Desafios para o desenvolvimento sustentável e participativo

Consolidar as agendas de desenvolvimento sustentável nas cidades é uma tarefa de longo prazo que exige vontade política e, essencialmente, a participação da população. Os processos participativos devem ser contínuos e continuamente monitorados para que levem a mudanças consonantes com a realidade e as necessidades das pessoas. Diante dessas premissas, é possível observar/determinar quatro recomendações para o desenvolvimento urbano sustentável e como a participação social contribui para a efetividade de cada uma. Para ser um instrumento vivo, com aderência na sociedade e poder real de transformação, as agendas de desenvolvimento sustentável devem ser entendidas menos como um fim em si mesmas e mais como processos, cuja implementação e sucesso dependem essencialmente da participação das pessoas.
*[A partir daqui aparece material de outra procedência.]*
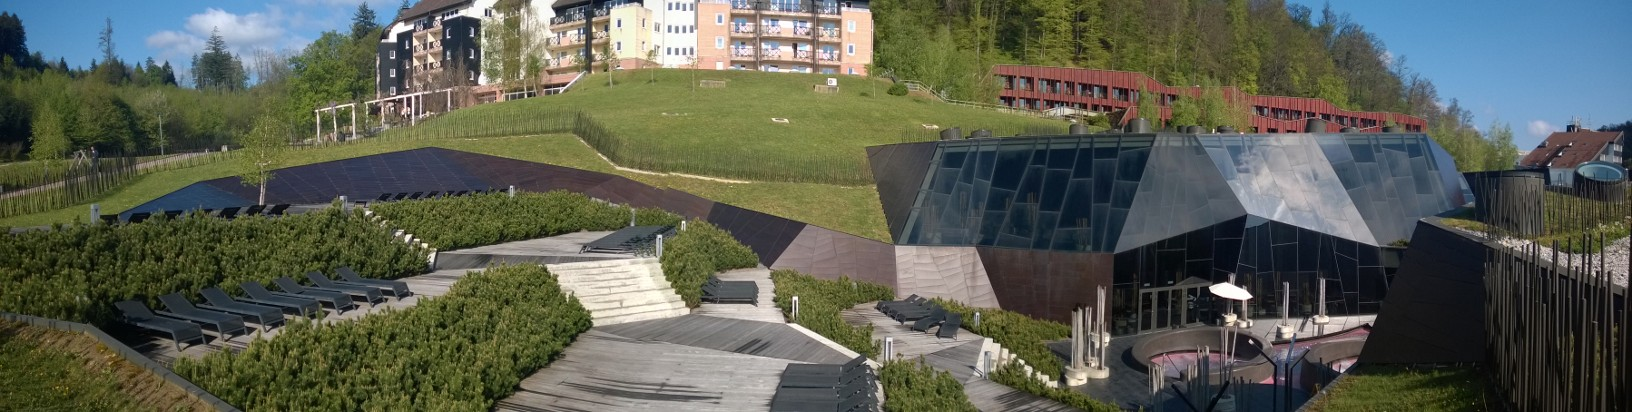 Spa-komplekset Terma Olivia hvor alle deltakerne bodde.

1. Planejamento multissetorial

Nenhuma agenda de desenvolvimento sustentável será viável se não for integrada aos instrumentos de planejamento urbano que orientam a gestão pública, como planos diretores, planos de mobilidade, zoneamento. Desenvolvimento sustentável e planejamento urbano precisam ser pensados juntos e debatidos em espaços onde a população possa contribuir. A criação de grupos de acompanhamento para setores específicos pode contribuir tanto na elaboração quanto na implementação de propostas. A participação, aqui, exerce papel de construção e fiscalização ao mesmo tempo.

2. Financiamento

Questões relacionadas ao financiamento e à disponibilidade de recursos para projetos de desenvolvimento sustentável também impactam a governança e os processos de construção participativa. É preciso explorar diferentes arranjos, planejar as ações vinculadas a fontes de recursos específicos e garantir as condições necessárias para garantir de um lado a implementação dos projetos e, de outro, que as necessidades da população sejam atendidas.

3. Diálogo inclusivo

Mesclar o conhecimento técnico e a experiência local das pessoas aumenta a efetividade de projetos urbanos sustentáveis. Para garantir essa troca, é preciso criar oportunidades para o diálogo entre diferentes atores, considerando que não há diversas formas de se promover a participação. O acesso a informação, por exemplo, pode ser usado como instrumento de mobilização, aliado a fóruns de discussão online, aplicativos para submeter e acompanhar propostas e realização de eventos participativos nas diferentes regiões de uma cidade.

4. Transparência e monitoramento

A transparência é um dos catalisadores da participação social. Isso porque permitir que as pessoas monitorem a implementação das ações planejadas é uma forma de garantir sua eficácia. Esse processo dever ser aberto e contínuo, para que seja possível verificar na prática se as novas ações e políticas estão alcançando os resultados esperados.